NOaa saying some rain for the Catskills in NY this Weekend, i was wondering if Winnchill or anyone might know how much rain for Saturday before i start thinking of booking a trip on the bus cause my car don't want to drive in the mountains any more


----------



## BenedictGomez (Apr 5, 2011)

Scotty said:


> NOaa saying some rain for the Catskills in NY this Weekend,



I saw that, very sad.  I was hoping to jump on the $25 Hunter tix and get one last day of skiing in before switching to golf.


----------



## WinnChill (Apr 5, 2011)

Scotty said:


> NOaa saying some rain for the Catskills in NY this Weekend, i was wondering if Winnchill or anyone might know how much rain for Saturday before i start thinking of booking a trip on the bus cause my car don't want to drive in the mountains any more



Not much Scotty.  These disturbances (Fri, Sat nite, a bit Sunday) are pushing into a ridge of high pressure over the region so they'll be weakening as they arrive.  Friday's batch of light rain/scattered showers barely skim by NY....another weak batch of scattered rain showers around Saturday night or so.  Again, we're not expecting washouts per se but mainly lighter batches of showery precip.  Snow levels get pretty high by Saturday to rule out snow showers.


----------



## ScottySkis (Apr 5, 2011)

Thank you Winn I appreciate your forecasting so much


----------



## k123 (Apr 5, 2011)

It shouldn't be bad at all. weather.com is saying few showers on saturday (30%) and cloudy on sunday (20% chance precip.).


----------



## abc (Apr 5, 2011)

So looks like a good potential for some corn harvesting, finally?


----------



## dmc (Apr 6, 2011)

abc said:


> So looks like a good potential for some corn harvesting, finally?



We've been harvesting corn for the last few weeks...  Where've you been?

As far as the weather goes...  Like I always say - "spring is not to be trusted"

I thin the weekend will be fine...


----------



## 180 (Apr 6, 2011)

Weather is looking good right now.


----------



## Mapnut (Apr 6, 2011)

dmc said:


> I thin the weekend will be fine...



Freudian slip?


----------



## dmc (Apr 6, 2011)

Mapnut said:


> Freudian slip?



no... the Catskill areas have a shtiload of snow right now...  it's crazy...


----------



## abc (Apr 6, 2011)

dmc said:


> We've been harvesting corn for the last few weeks...  Where've you been?


Harvesting fluffy powder up north.


----------



## dmc (Apr 6, 2011)

abc said:


> Harvesting fluffy powder up north.



yeah... saw that..  great for you guys!


----------



## BenedictGomez (Apr 6, 2011)

dmc said:


> no... the Catskill areas have a shtiload of snow right now...  it's crazy...



More corn and soft melt than ice?


----------



## dmc (Apr 6, 2011)

BenedictGomez said:


> More corn and soft melt than ice?



You know that depends on sun exposure and temps right?


----------



## abc (Apr 6, 2011)

dmc said:


> yeah... saw that..  great for you guys!


I'm actually a flatlander.
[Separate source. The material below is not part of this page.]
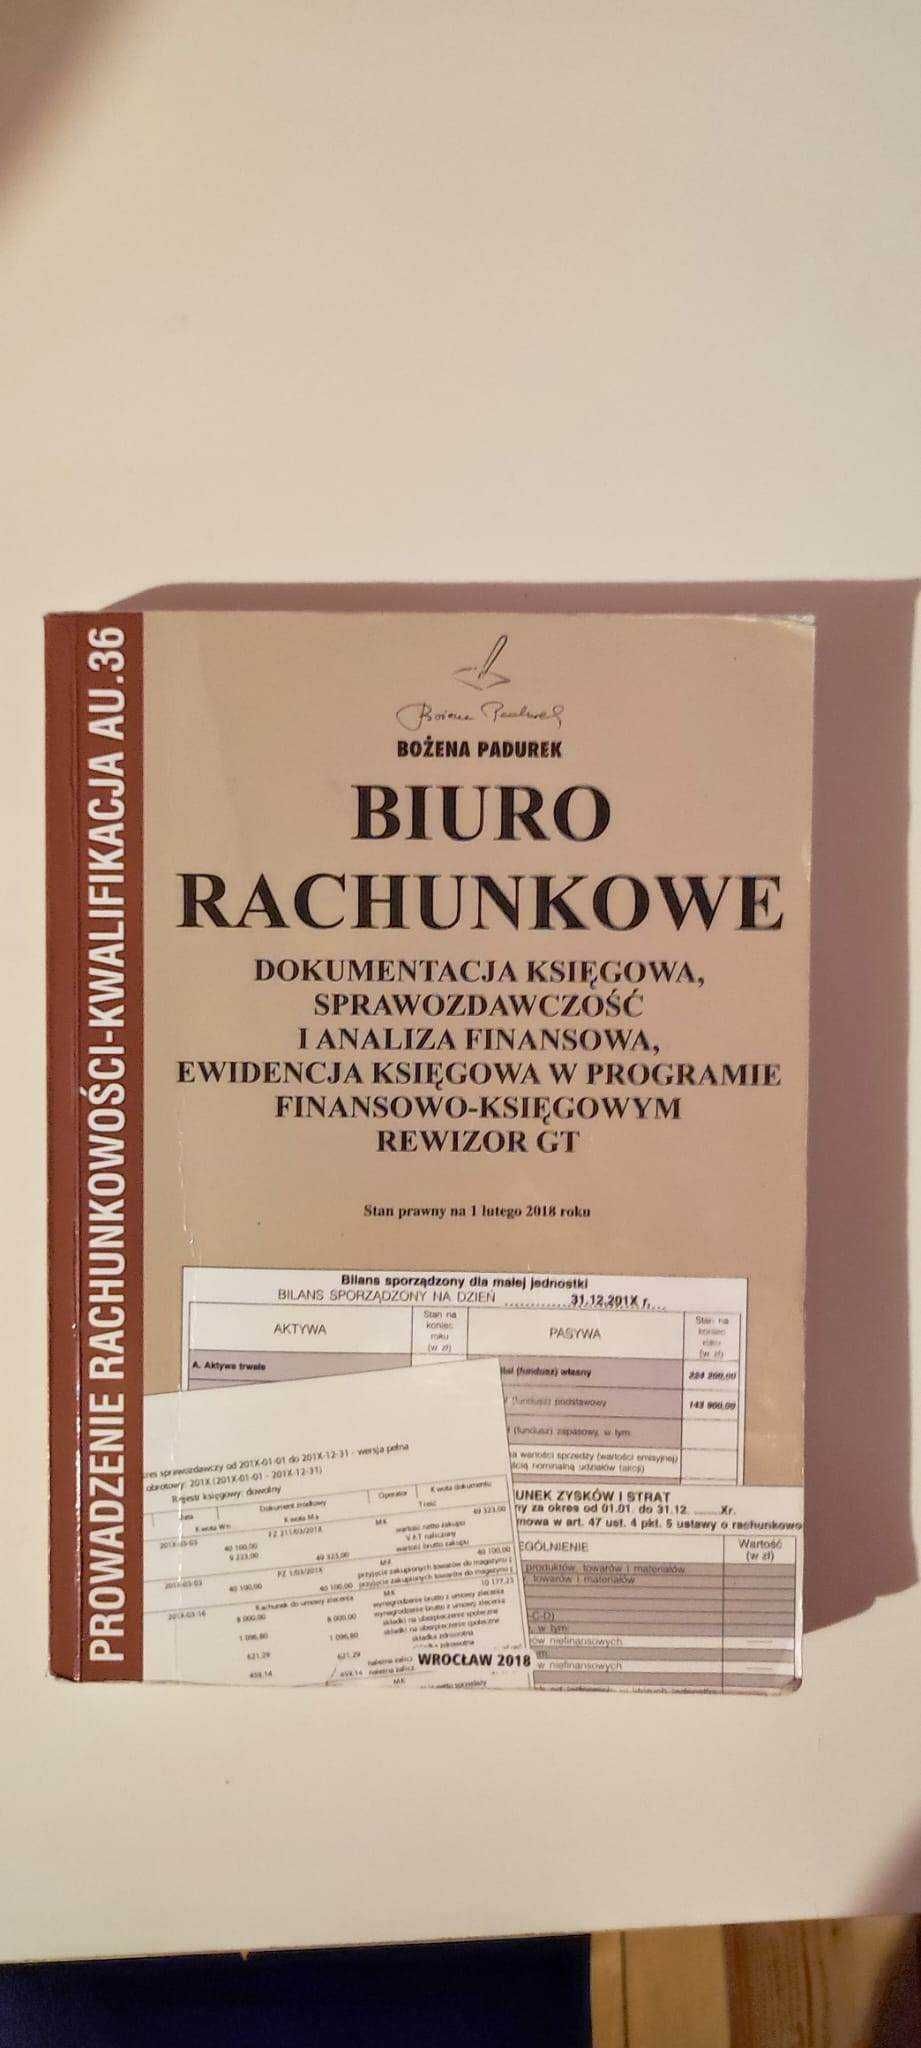 Prowadzenie rachunkowości- kwalifikacja AU.36 "BIURO RACHUNKOWE"

But I figured given the very good base in the Cats, I still have time to corn harvest in the next couple weeks. So powder harvest up north while it was still going and come home to corn harvest afterward. 

Having my cake and eat it too!


----------



## dmc (Apr 6, 2011)

abc said:


> I'm actually a flatlander. But I figured given the very good base in the Cats, I still have time to corn harvest in the next couple weeks. So powder harvest up north while it was still going and come home to corn harvest afterward.
> 
> Having my cake and eat it too!



Real corn harvest starts after the hills close..  Skin up - place to yourself... Sunny day... Friends... Beers...  mmmmm.... Spring..


----------



## 2sons (Apr 6, 2011)

Plattekill facebook fan weekend- 10 dollar tickets. Coverage on the web cam looks pretty decent.
Baseball and Soccer for my boys ALL weekend.:sad:


----------



## k123 (Apr 9, 2011)

Hey Winn, do you think the rain is going to hold off until tomorrow night, or will it start in the afternoon?


----------



## WinnChill (Apr 9, 2011)

k123 said:


> Hey Winn, do you think the rain is going to hold off until tomorrow night, or will it start in the afternoon?
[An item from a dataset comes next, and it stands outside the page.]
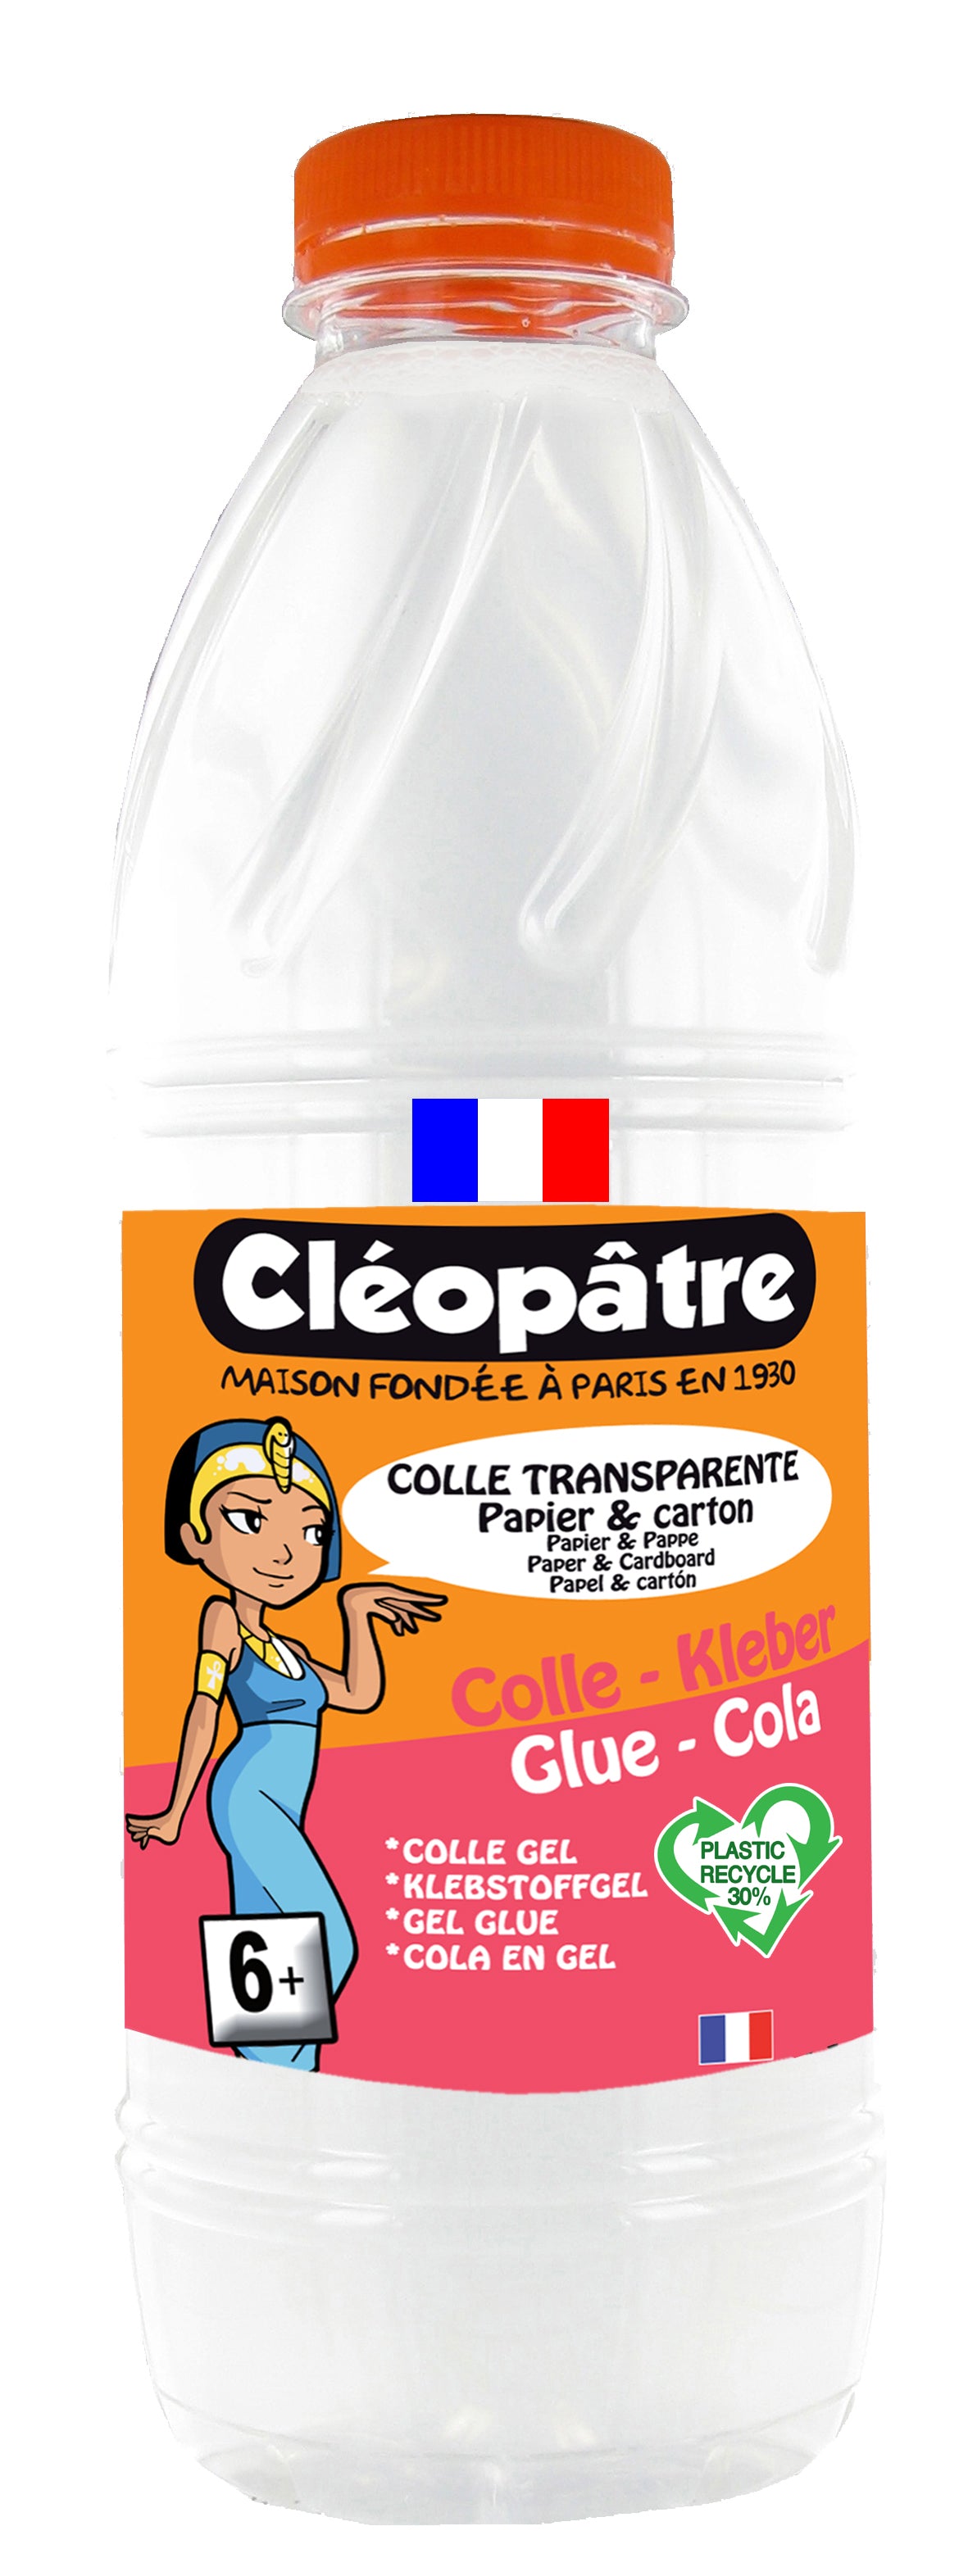 Cléopâtre colle transparente liquide flacon 2kg

Not til evening/overnight and it'll be just off to the north/northwest too so you should be alright.  Enjoy!


----------



## k123 (Apr 9, 2011)

WinnChill said:


> Not til evening/overnight and it'll be just off to the north/northwest too so you should be alright.  Enjoy!



Thank you very much that is what I was hoping 8)


----------